After reading Jon Steel's Truth, Lies, and Advertising: The Art of Account Planning as well as various articles about account planning and talking to several industry professionals about the lack of account planning departments within their agencies, I noticed there was some controversy over whether account planning was necessary or even worthwhile for that matter. Based on the knowledge I gathered, I concluded that the presence of an account planner is the only way to guarantee the consumer's needs are addressed in each step of the process.
During a focus group of account planners (which is hilarious in itself) in 1995 in which
conversation surrounded the importance of practice, one New York planner,
despite expectations, argued against the need for planning when he agreed that
“not all non-planning agencies make bad ads. ‘there are extremely good agencies
that don’t have planning that do really good work, because the people there are
intuitive planners or highly respect the consumer.” I would
agree that it is not an account planner but a planning mindset that is key to
successful advertising. Because we cannot assume that creatives, media, or
account people possess the necessary planning qualities when their strengths
likely lie elsewhere, there is a need for the distinctive role to guarantee the
existence of the planning mindset within the agency. A planner, by essence, is
a chameleon. He is someone intuitive and agile enough to slip into any role
that the moment calls for—whether it is to empathize or communicate on behalf
of the consumer, client, or agency—in order to bridge all three parties
together.
The view that account planning is a
fluffy title for a researcher who merely serves as a “sales tool” in client
pitches originates from the perceived lack of distinction between the roles of an
account planner and market researcher. Account planning “works”
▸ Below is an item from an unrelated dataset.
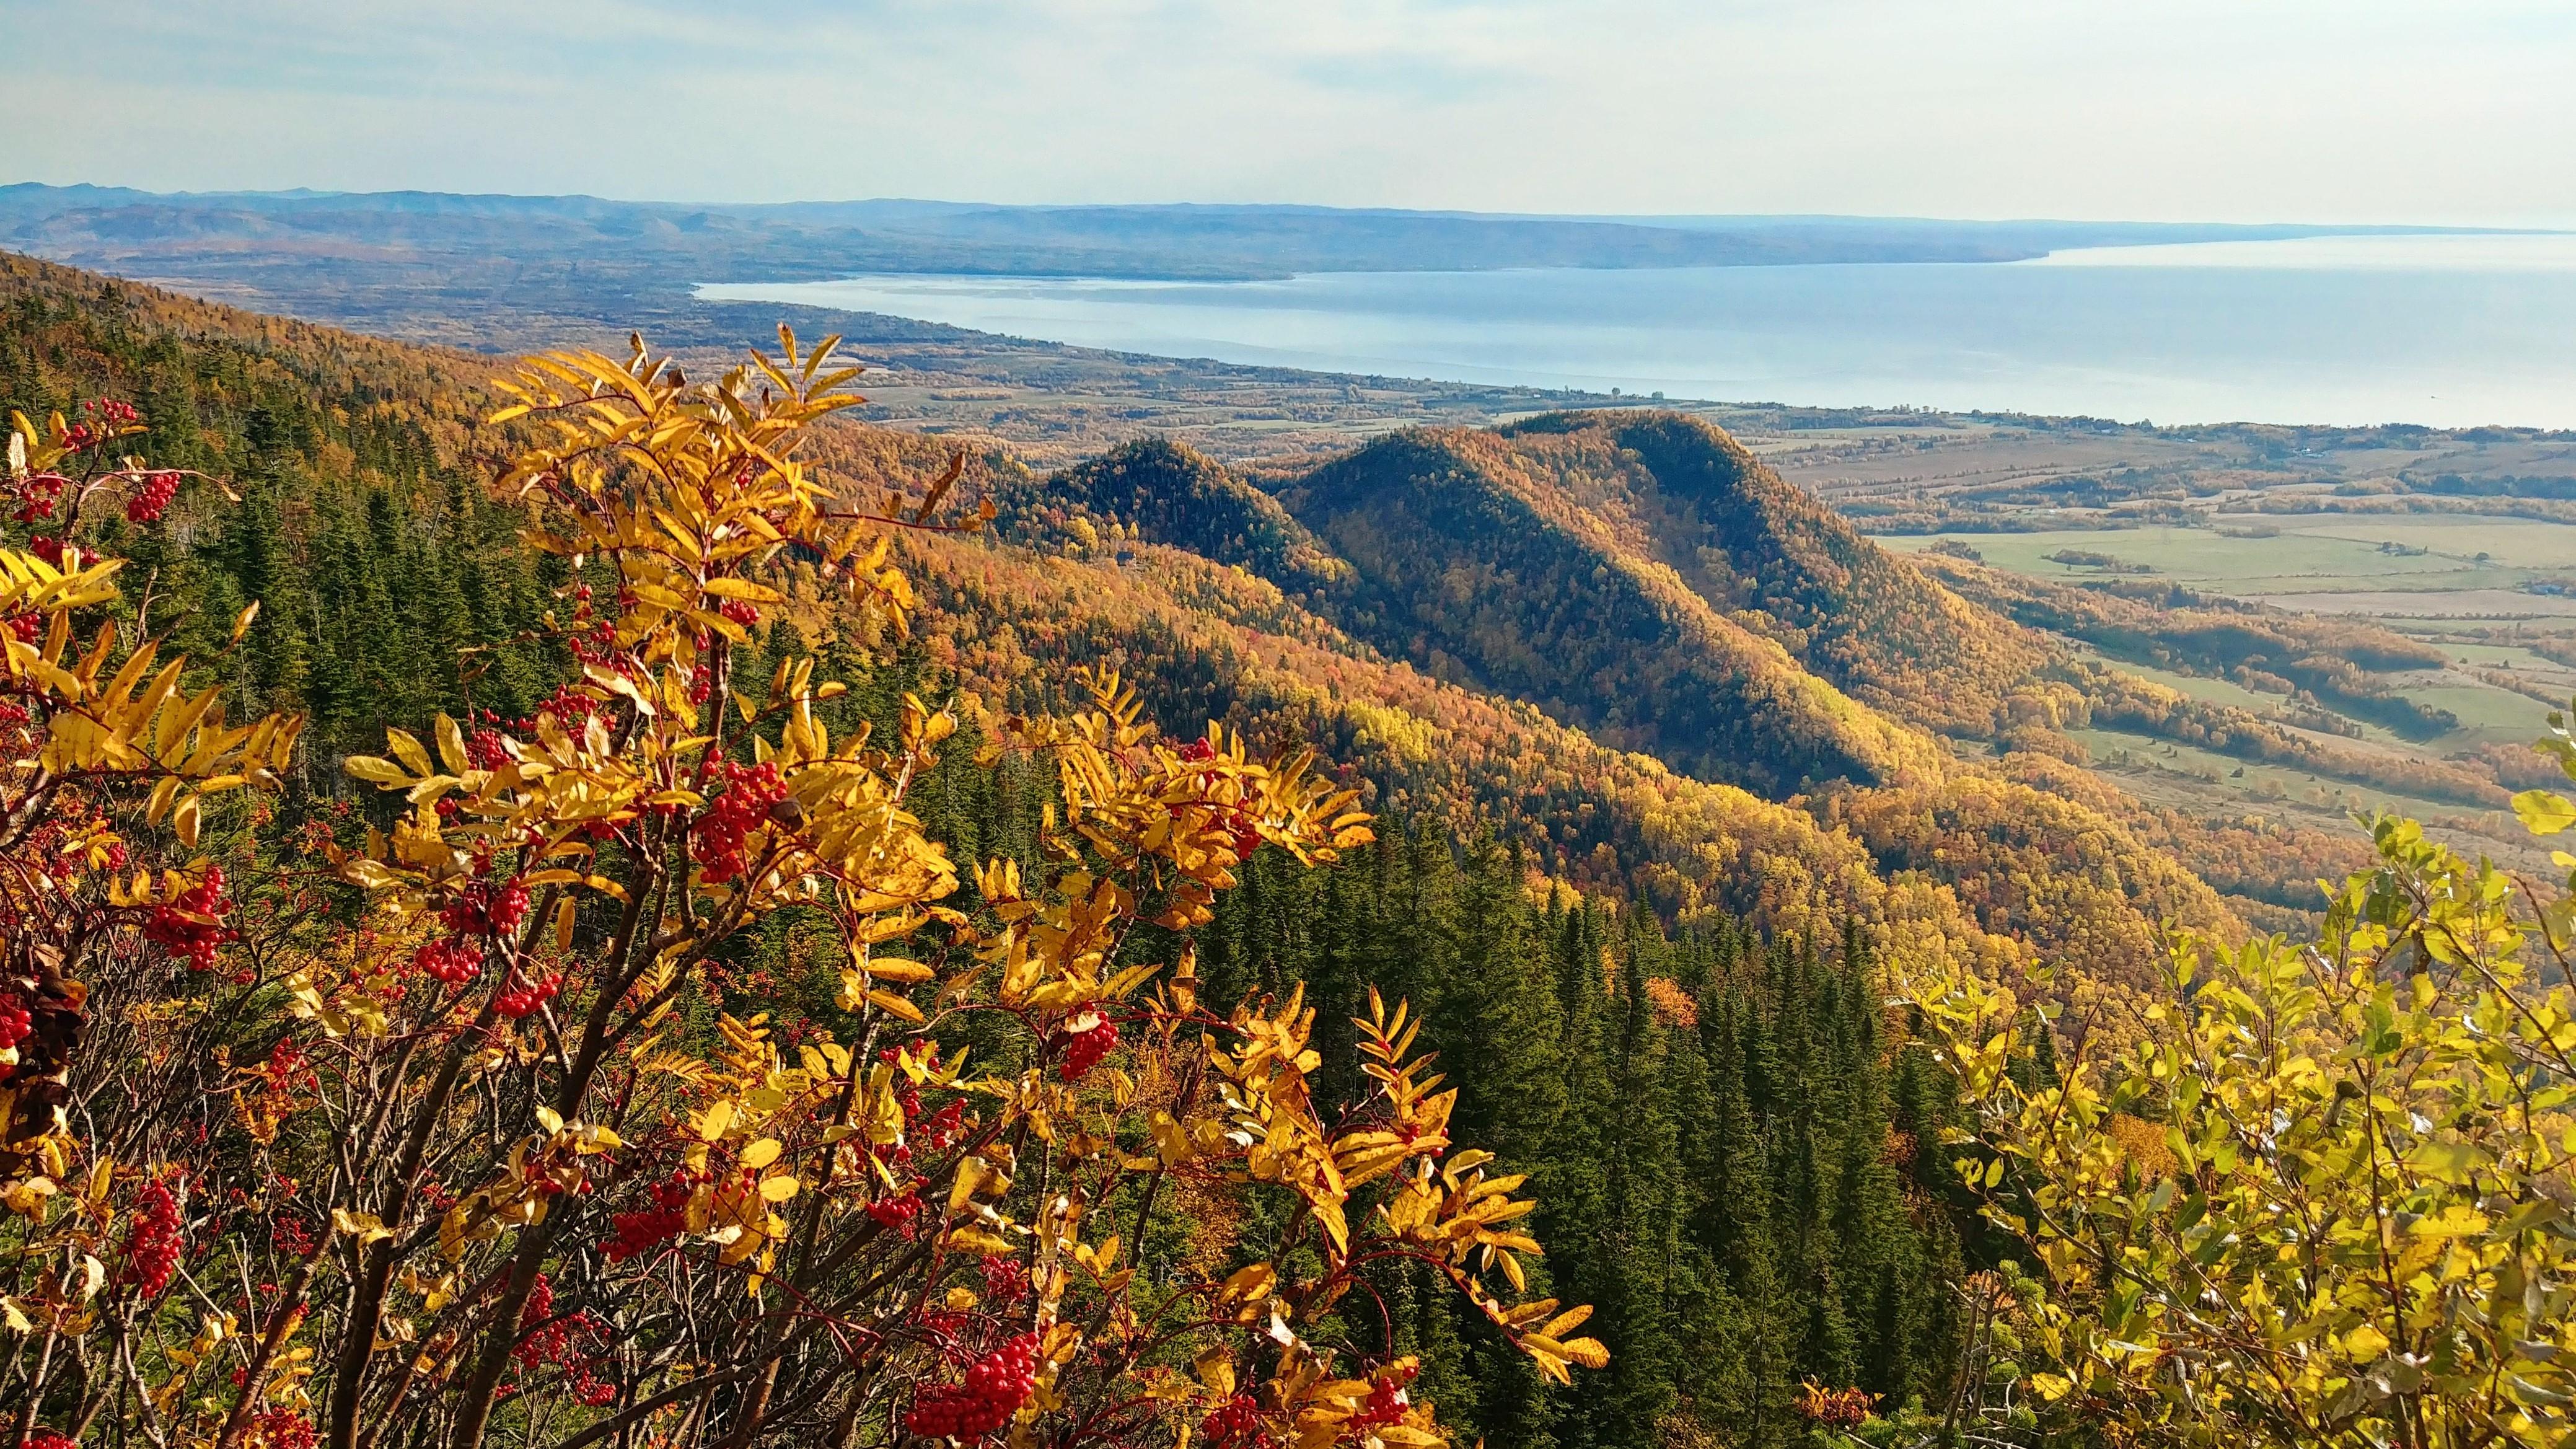 Mont Saint Joseph Carleton sur Mer Baie des Chaleurs Quebec blog voyage road-trip canada automne arpenter le chemin

because unlike quantitative research, it goes beyond numbers and integrates
itself into each step in the campaign creation process. Although a useful tool
for gaining footing and exploring the mere scope of a topic, quantities
research is rather limited in its storytelling capabilities. Furthermore, it is
easily subject to bias in its inability to translate to natural environments . Account planning’s role is to
ensure that a message resonates with a consumer on a personal level, so that moment
of is valued and stands out against the thousands of other ads the consumer is
conditioned to ignore each day. To beat the odds in this way, a planner must
uncover a truth so deep at the core of the consumer’s relationship with the
product/brand, that the consumer himself only realizes it when he served the
message . A personal connection between the consumer and brand is
more than a mere “sales tool” and is hardly possible to uncover through simple
quantitative measures.
The process by which planner fulfills his role
is “an approach, rather than a ‘system’ to be identically applied across all
accounts. Assessing each account on its own and determining
which methods will be most useful in uncovering consumer insights. Focus groups
and interviews are standard examples of qualitative research methods, but there
remains much variety in ethnographic and experimental research as well.Although it is unlikely that the
methods used to drill insights from consumers’ perceptions will be uniform
across accounts, it is often that the insights from one method will lead the
pursuit into another until a conclusion is met. Chris Kocek, author of The Practical Pocket Guide to Account Planning, explains that the insights run on a constant feedback loop, where new
information is presenting new research opportunities. It is essential that an
account planner know when he has hit the “sweet spot” and is able to end the
loop. This, like all processes in the planning mindset, is highly reliant on
intuitive capabilities--capabilities you can only guarantee with an account planner on board.